What is needed
Extract from the entries below, exactly as given, only the lines from the line containing "Modernt hotellrum med" to the line containing "Hochwertiges japanisches Messer", both lines included.

Input
──────

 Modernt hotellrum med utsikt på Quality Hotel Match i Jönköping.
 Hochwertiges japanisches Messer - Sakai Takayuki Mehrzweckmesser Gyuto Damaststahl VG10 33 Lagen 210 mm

──────

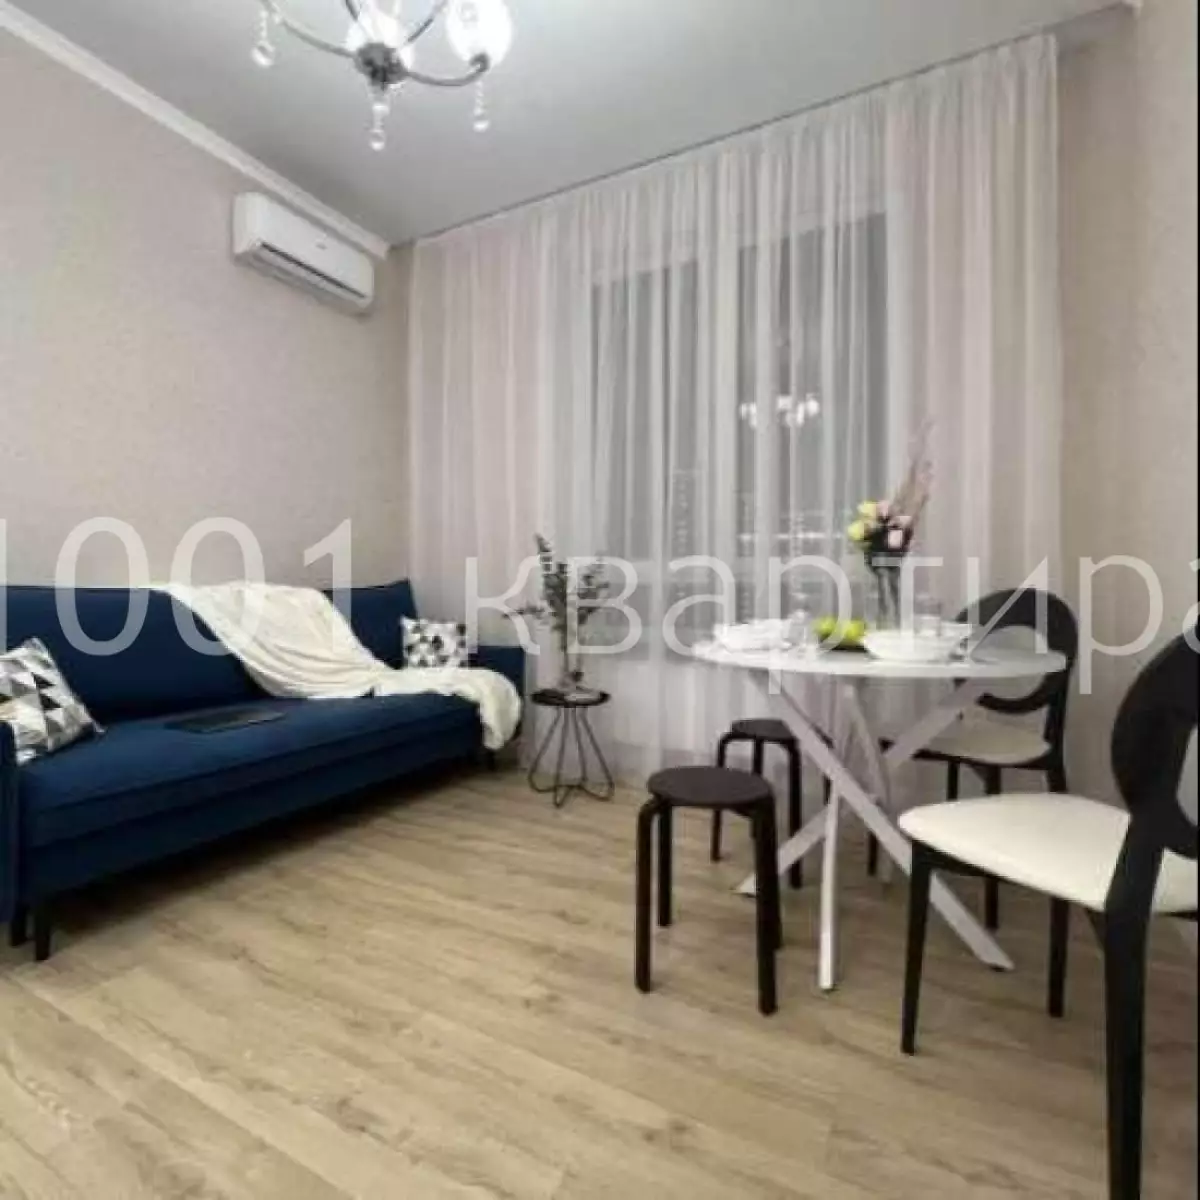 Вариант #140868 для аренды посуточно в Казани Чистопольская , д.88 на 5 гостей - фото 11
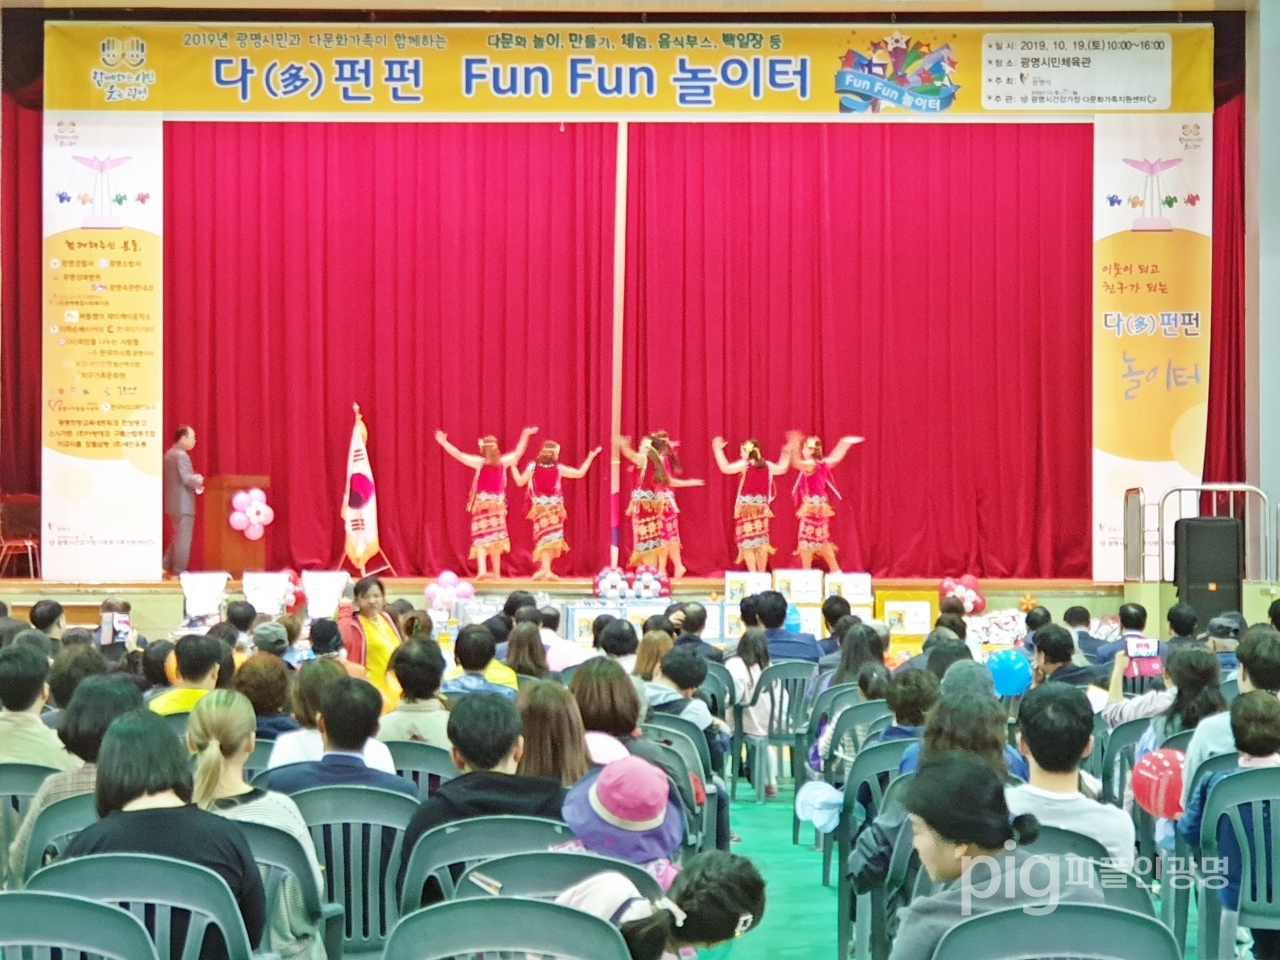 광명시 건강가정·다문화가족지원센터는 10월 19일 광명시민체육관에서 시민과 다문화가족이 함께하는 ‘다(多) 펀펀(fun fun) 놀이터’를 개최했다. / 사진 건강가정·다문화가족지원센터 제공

──────

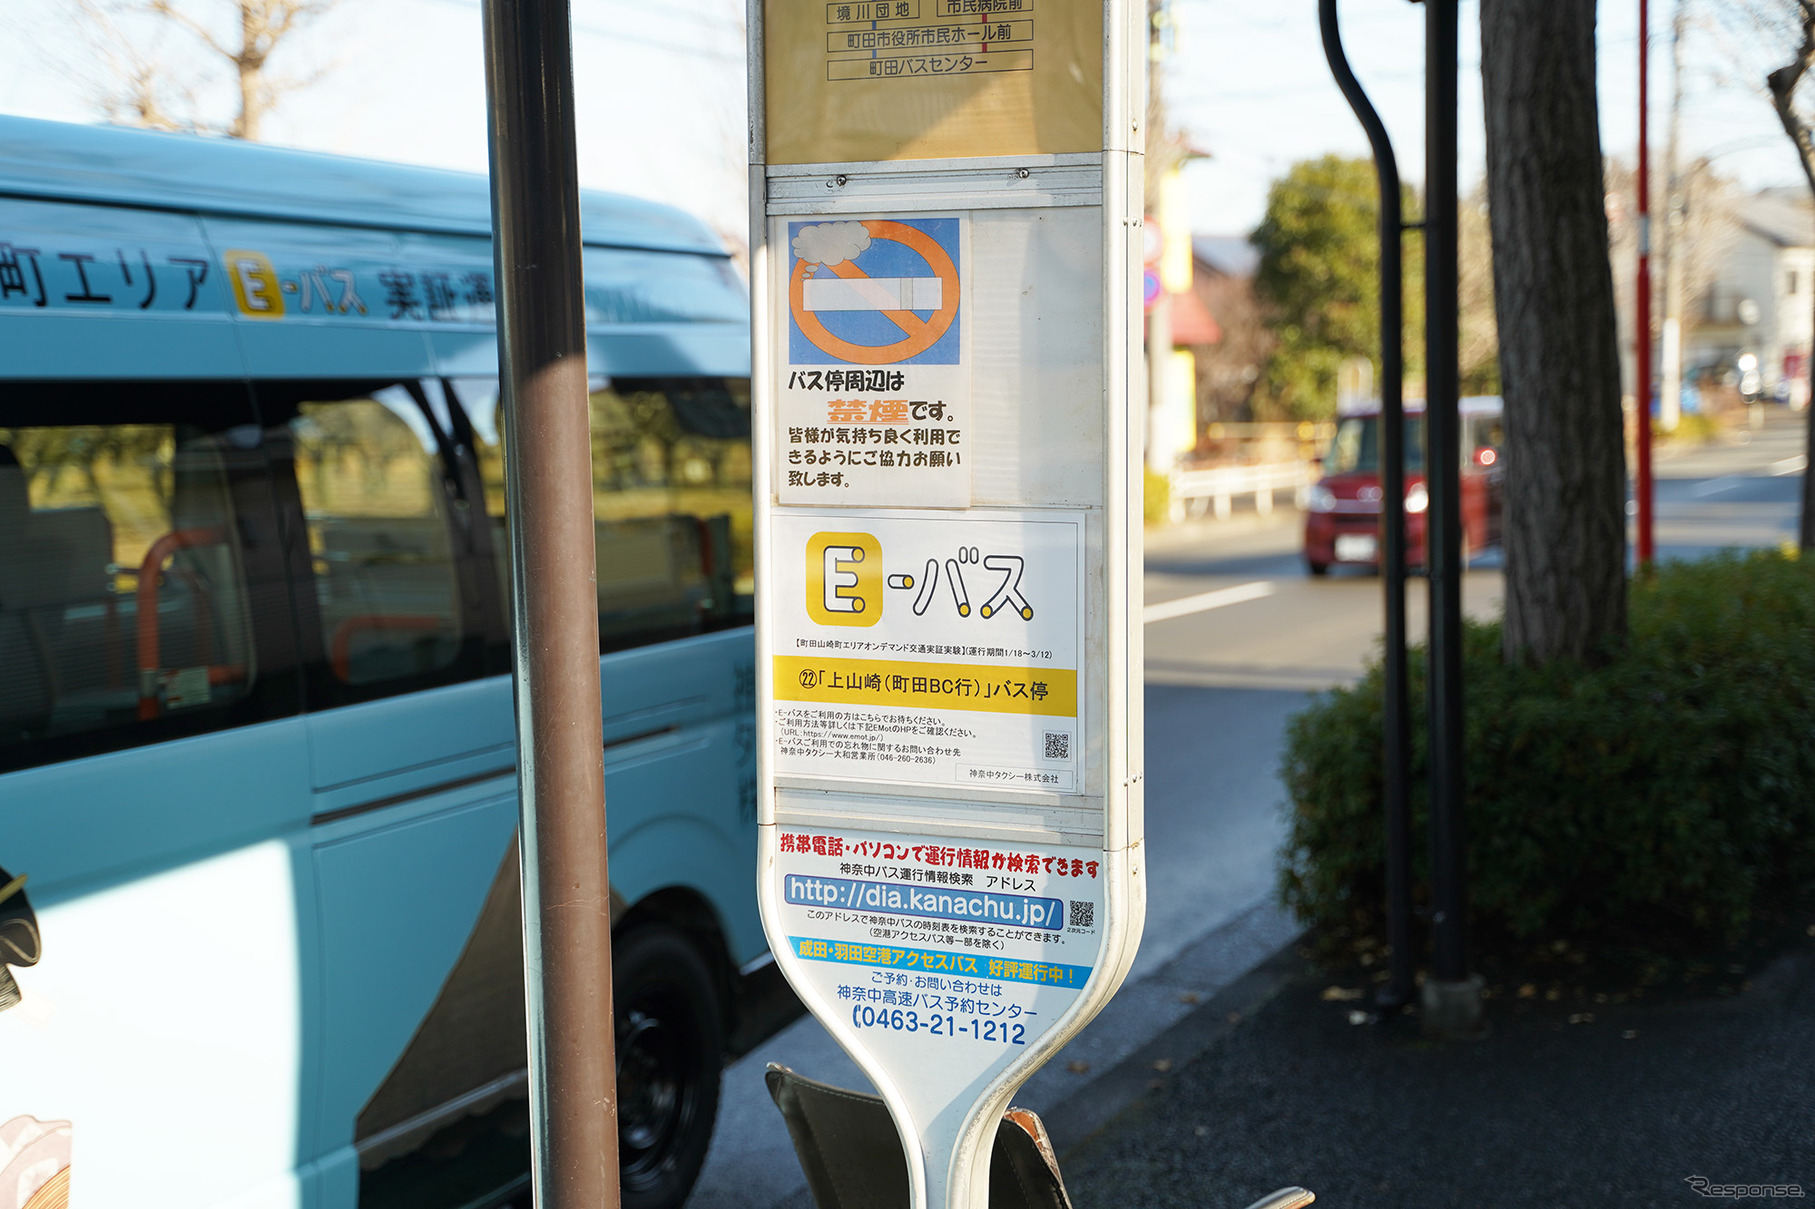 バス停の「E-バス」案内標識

──────

Answer to this problem
 Modernt hotellrum med utsikt på Quality Hotel Match i Jönköping.
 Hochwertiges japanisches Messer - Sakai Takayuki Mehrzweckmesser Gyuto Damaststahl VG10 33 Lagen 210 mm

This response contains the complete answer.